After fifteen minutes a detention officer told Michelle that her time was up. Darrell thanked her for coming by.
Michelle was impressed. Darrell had been exceedingly pleasant throughout the entire exchange, not artificially chummy but pleasant and polite, simply laying it out for her. Pleasant and polite and tranquil—unbelievably tranquil, she thought, for someone in his circumstances. It wasn’t a judgment she’d want to make as a journalist, but as a woman she believed he was perfectly sincere. His conversion wasn’t a front; it was genuine.
She went to her car, furiously scribbled everything down in a notebook, then found a phone and called her editor. The editor was excited. An interview with Darrell Mease—quite the scoop: How in the world had Michelle pulled it off?
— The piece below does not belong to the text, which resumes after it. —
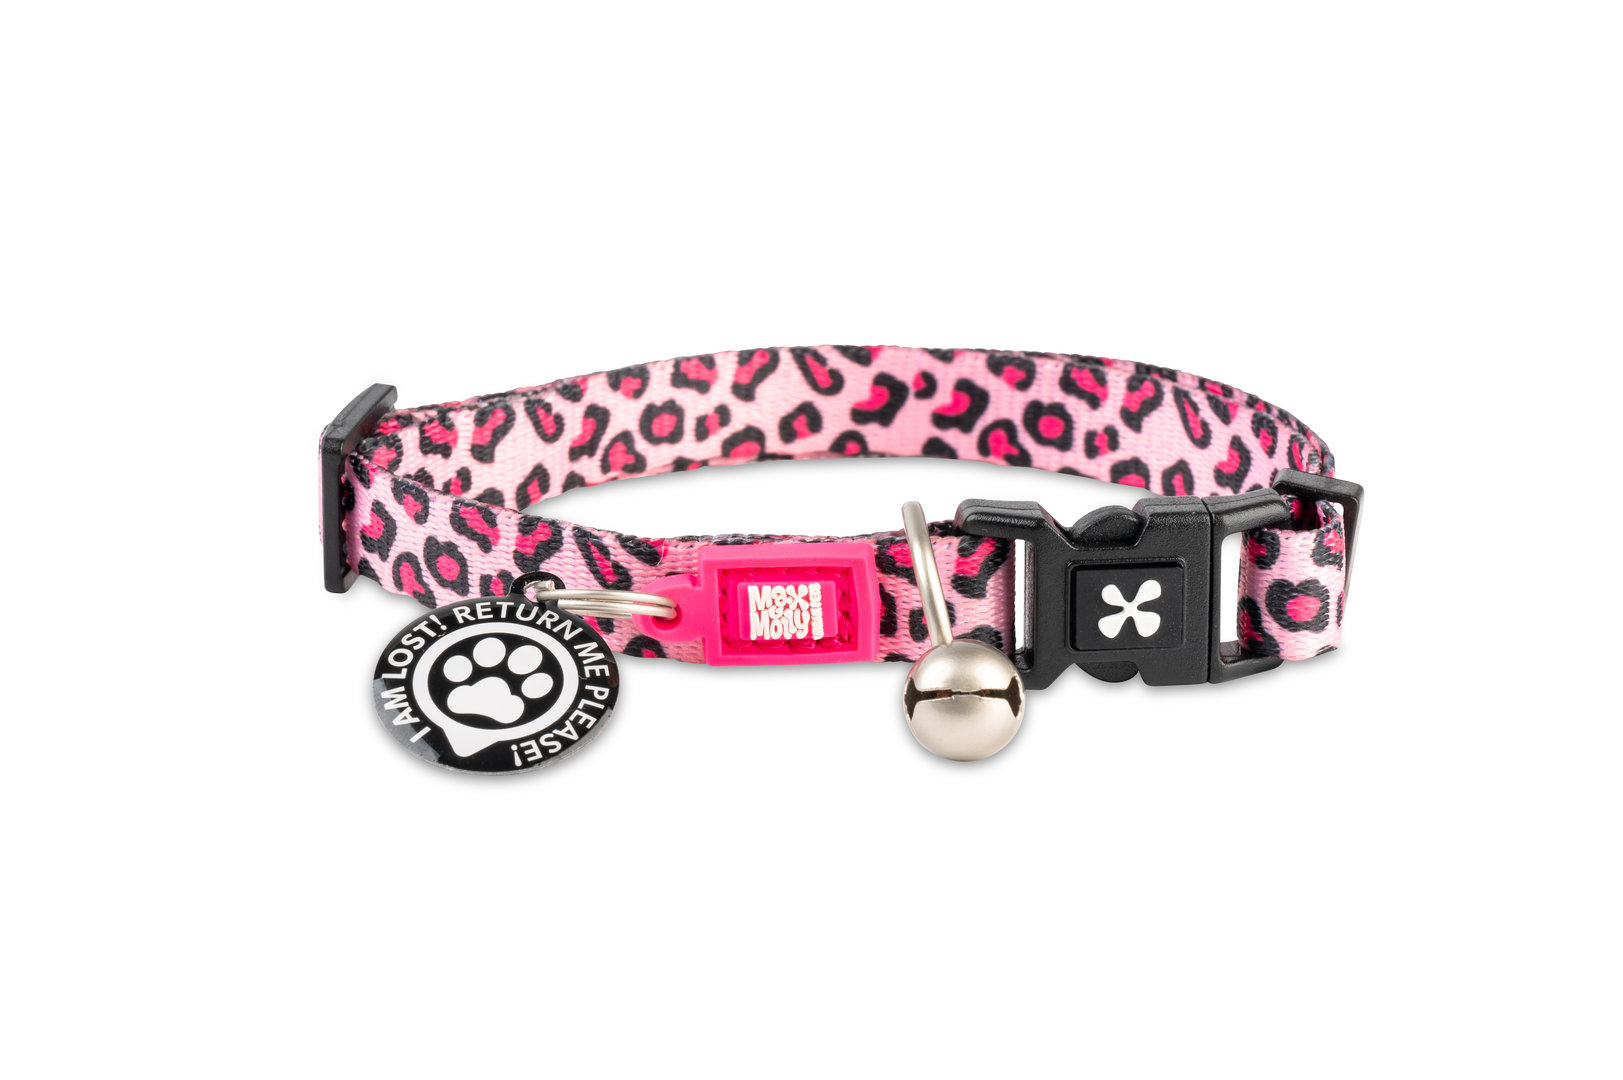 Smart ID Katzen Halsband - Leopard Pink
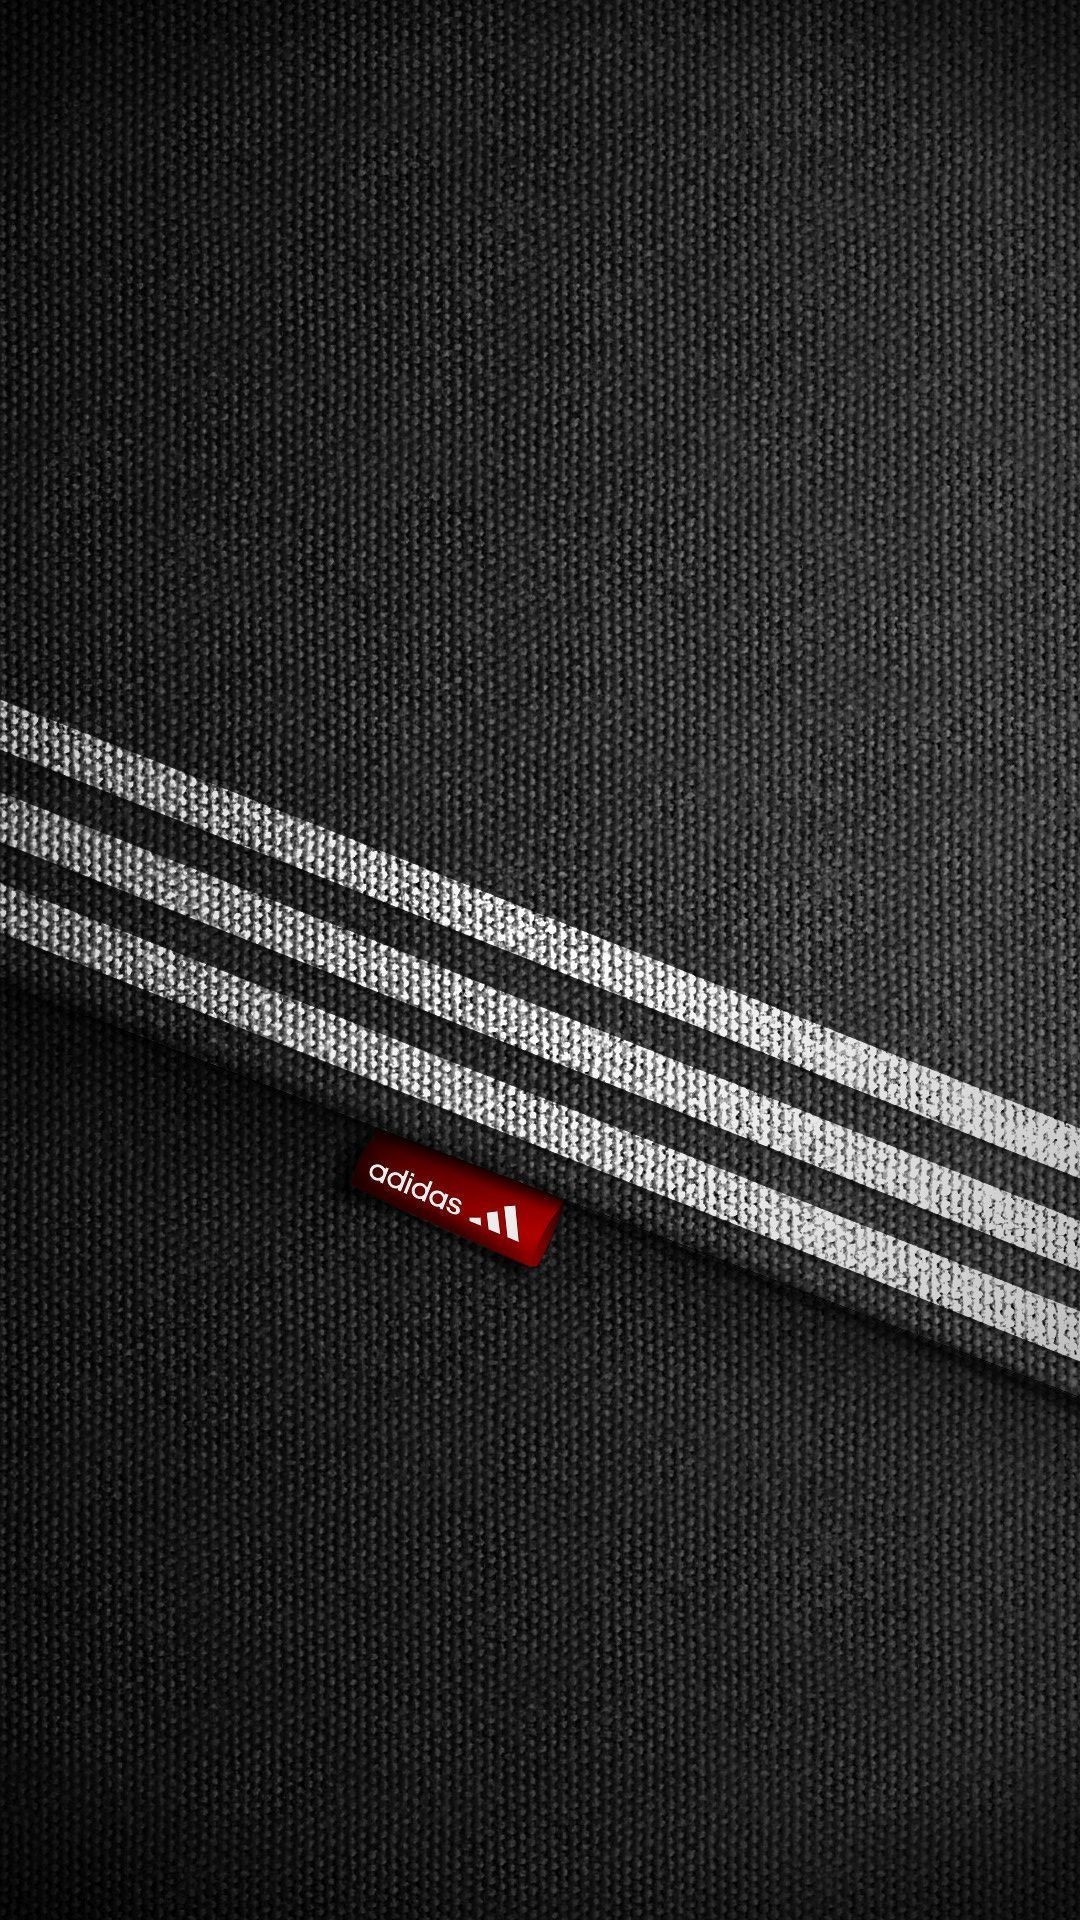 Adidas Iphone X Wallpaper Off 65 Www Otuzaltinciparalel Com

The next day the story appeared in the
News-Leader
, under the banner headline
MAN IN MURDER CASE SAYS, “GOD IS MY LAWYER.”
Darrell’s mom phoned the newsroom and told Michelle that both she and Darrell loved the article. They were convinced that Michelle had been called by God to help spread the message.
CHAPTER TEN
P
EOPLE IN LAW
enforcement are understandably cynical about jailhouse conversions. Criminal investigators, detention officers, county prosecutors: they see it happen all the time. The murderer, the rapist, once arrested and thrust behind bars, his wild times brought crashingly to a halt, as often as not becomes an entirely new man. Deprived of fresh opportunities for violence and mayhem, he is reborn as a sweetly innocent child of God. Betrayed by the flesh, incarcerated in the flesh, he finds his victory and his true identity in the spiritual realm. Listen to his testimony and he’ll tell you: he isn’t merely reformed but utterly transformed, with only an accidental biological relationship to his previous self, the old dead self that rampaged and grimaced its way to imprisonment.
People in law enforcement are mostly unimpressed. So many
convicts suddenly finding God, so many convicts experiencing last-ditch transformations of the heart and the spirit. It seems somehow too convenient, somehow too tidily packaged. Why now? Why all this converting and spiritual awakening after the throats have already been slashed, the bullets dug out of the bodies? It would have been nice, law enforcement people say, if some of these guys had seen the light a bit earlier. Prior to their hurting sprees perhaps, or at least prior to their arrest and imprisonment. A religious conversion after the damage is done, when there is possibly nothing left to do but convert—this seems less a genuine change of heart than a gesture of expediency, a culturally scripted maneuver calculated to assuage guilt and enhance survival prospects down the line.